Hematopoietic Cell Transplant and Cellular Therapy Program, Massachusetts General Hospital, Boston, MA.
Platform for Innovative Microbiome and Translational Research, Department of Genomic Medicine, The University of Texas MD Anderson Cancer Center, Houston, TX.
Blood Adv. 2024 May 14;8(9):2074-2084. doi: 10.1182/bloodadvances.2024012556.
Disruption of the intestinal microbiome is observed with acute graft-versus-host disease (GVHD) of the lower gastrointestinal (LGI) tract, and fecal microbiota transplantation (FMT) has successfully cured steroid-refractory cases. In this open-label, single-arm, pilot study, third-party, single-donor FMT was administered in combination with systemic corticosteroids to participants with high-risk acute LGI GVHD, with a focus on treatment-naïve cases. Participants were scheduled to receive 1 induction dose (15 capsules per day for 2 consecutive days), followed by 3 weekly maintenance doses, consisting of 15 capsules per dose. The primary end point of the study was feasibility, which would be achieved if ≥80% of participants able to swallow ≥40 of the 75 scheduled capsules. Ten participants (9 treatment-naïve; 1 steroid-refractory) were enrolled and treated. The study met the primary end point, with 9 of 10 participants completing all eligible doses. Organ-specific LGI complete response rate at day 28 was 70%. Initial clinical response was observed within 1 week for all responders, and clinical responses were durable without recurrent LGI GVHD in complete responders. Exploratory analyses suggest that alpha diversity increased after FMT. Although recipient microbiome composition never achieved a high degree of donor similarity, expansion of donor-derived species and increases in tryptophan metabolites and short-chain fatty acids were observed within the first 7 days after FMT. Investigation into the use of microbiome-targeted interventions earlier in the treatment paradigm for acute LGI GVHD is warranted. This trial was registered at www.ClinicalTrials.gov as #NCT04139577.

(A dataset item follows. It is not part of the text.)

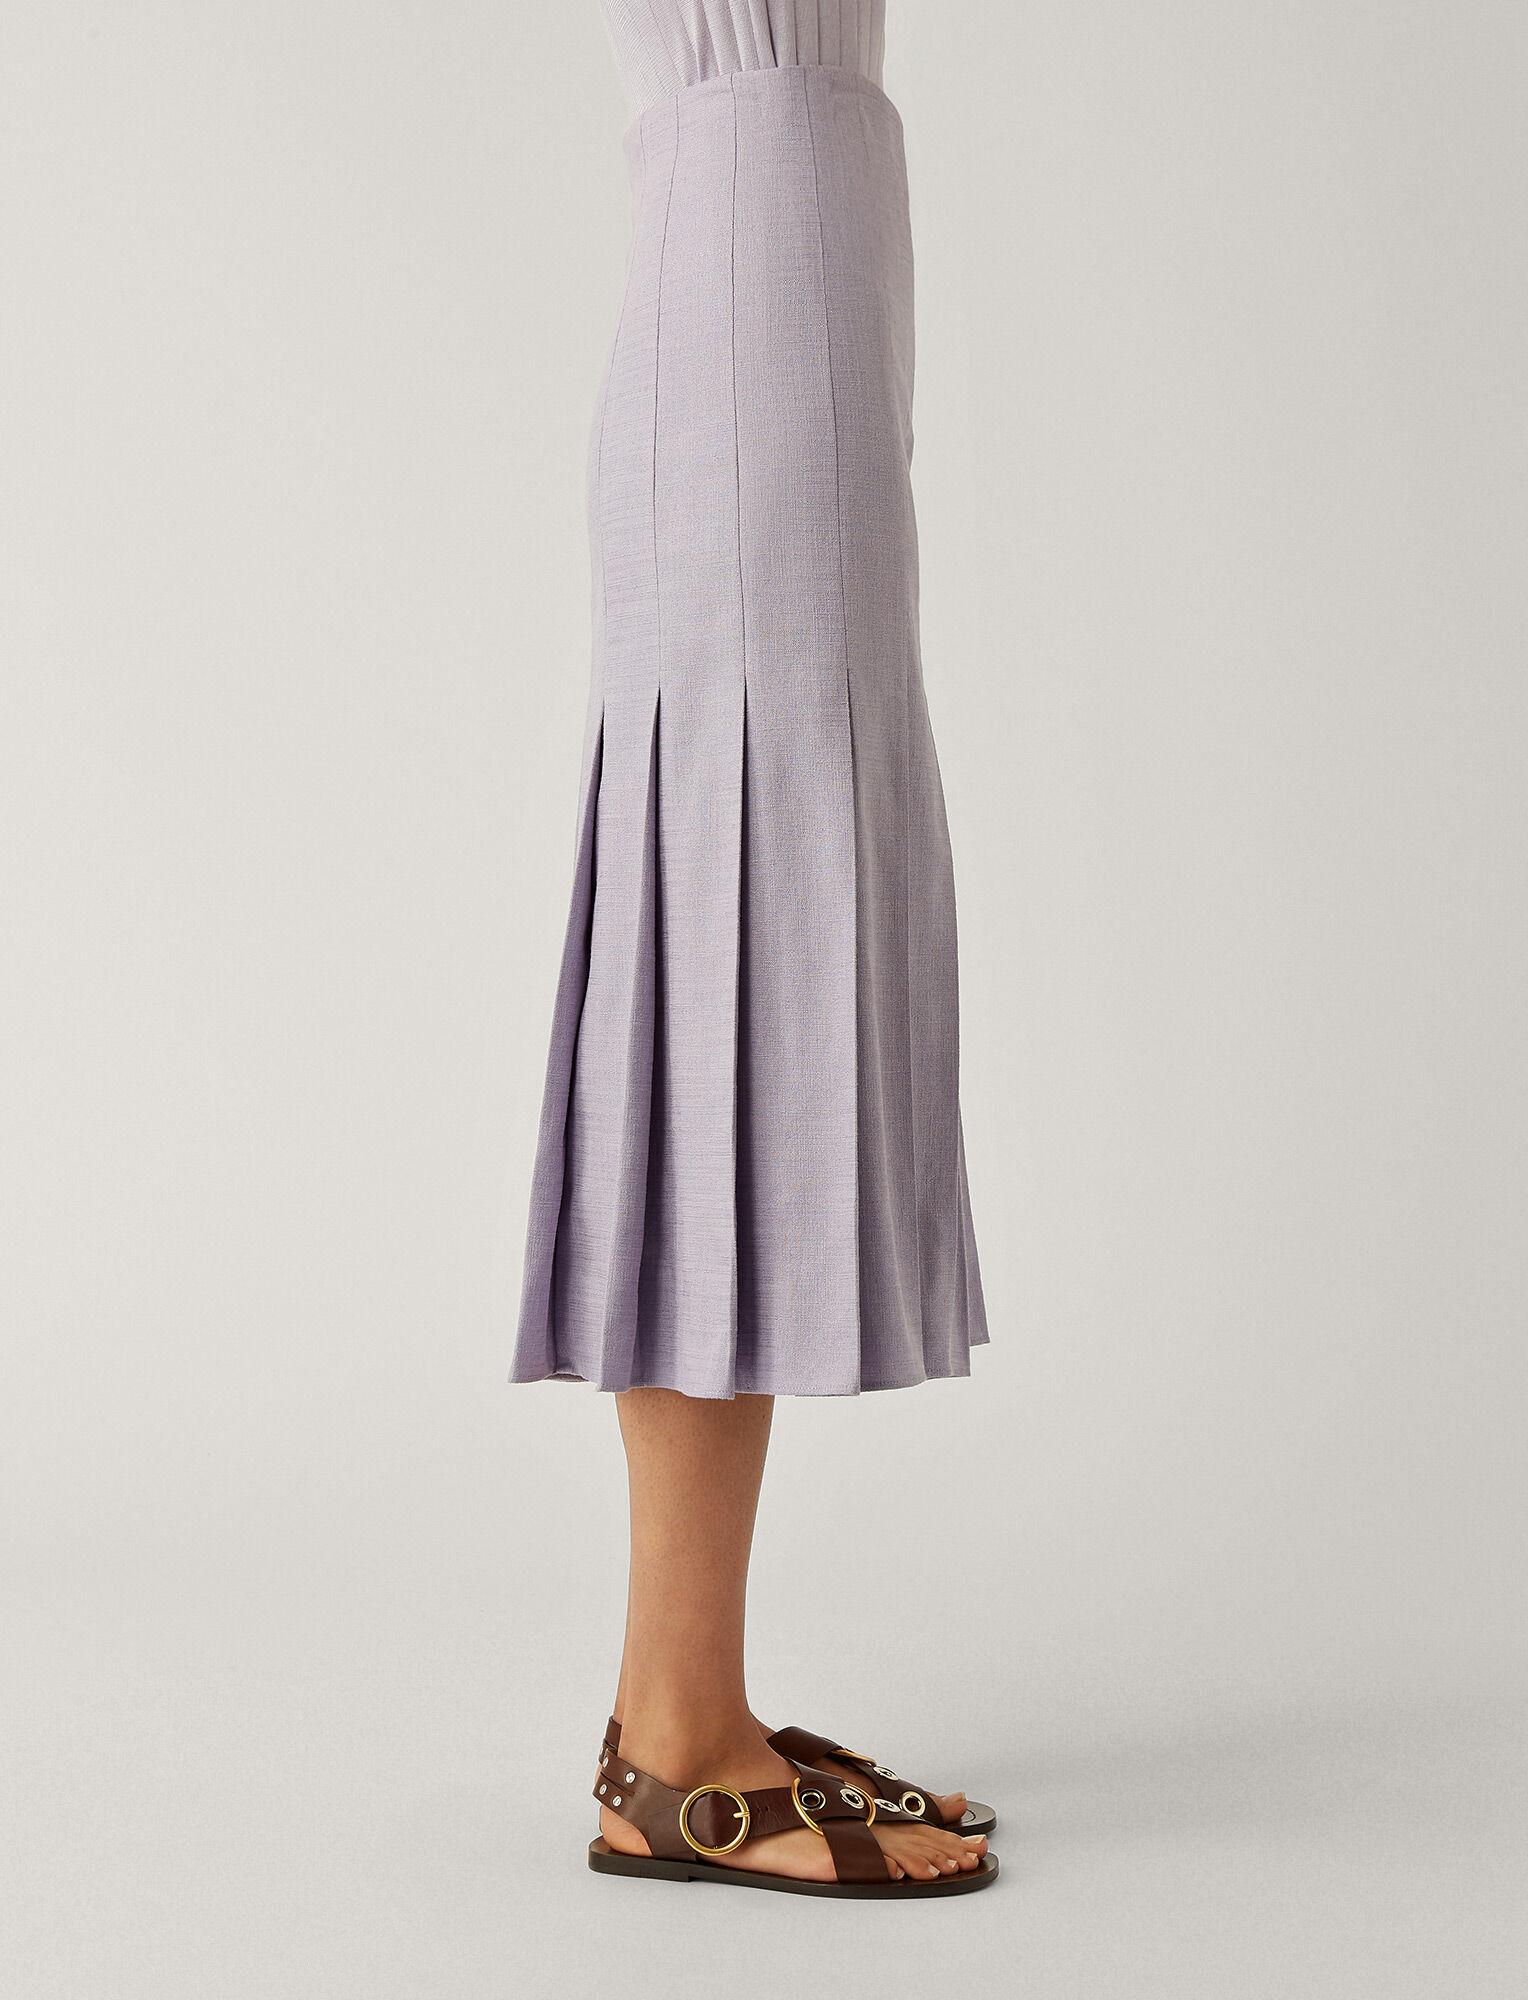 Joseph, Saari Shantung Linen Skirt, in PARME

肠道微生物组的紊乱与急性移植物抗宿主病(GVHD)的下胃肠道(LGI)有关,粪便微生物群移植(FMT)已成功治愈了类固醇难治性病例。在这项开放标签、单臂、试点研究中,对高危急性 LGI GVHD 患者联合全身皮质类固醇给予第三方、单一供体 FMT,重点关注治疗初治病例。患者计划接受 1 次诱导剂量(连续 2 天每天 15 粒胶囊),然后接受 3 次每周维持剂量,每次剂量 15 粒胶囊。研究的主要终点是可行性,如果≥80%的参与者能够吞咽≥75 粒预定胶囊中的 40 粒,则认为达到主要终点。10 名参与者(9 名治疗初治;1 名类固醇难治性)入组并接受治疗。该研究达到了主要终点,10 名参与者中有 9 名完成了所有合格剂量。28 天时,器官特异性 LGI 完全缓解率为 70%。所有应答者均在 1 周内观察到初始临床应答,且在完全应答者中,临床应答持久,无复发性 LGI GVHD。探索性分析表明,FMT 后 alpha 多样性增加。尽管受者微生物组组成从未达到供者相似的高度,但在 FMT 后 7 天内观察到供者衍生物种的扩张以及色氨酸代谢物和短链脂肪酸的增加。值得对急性 LGI GVHD 的治疗模式早期进行微生物组靶向干预的研究。该试验在 www.ClinicalTrials.gov 上注册,编号为#NCT04139577。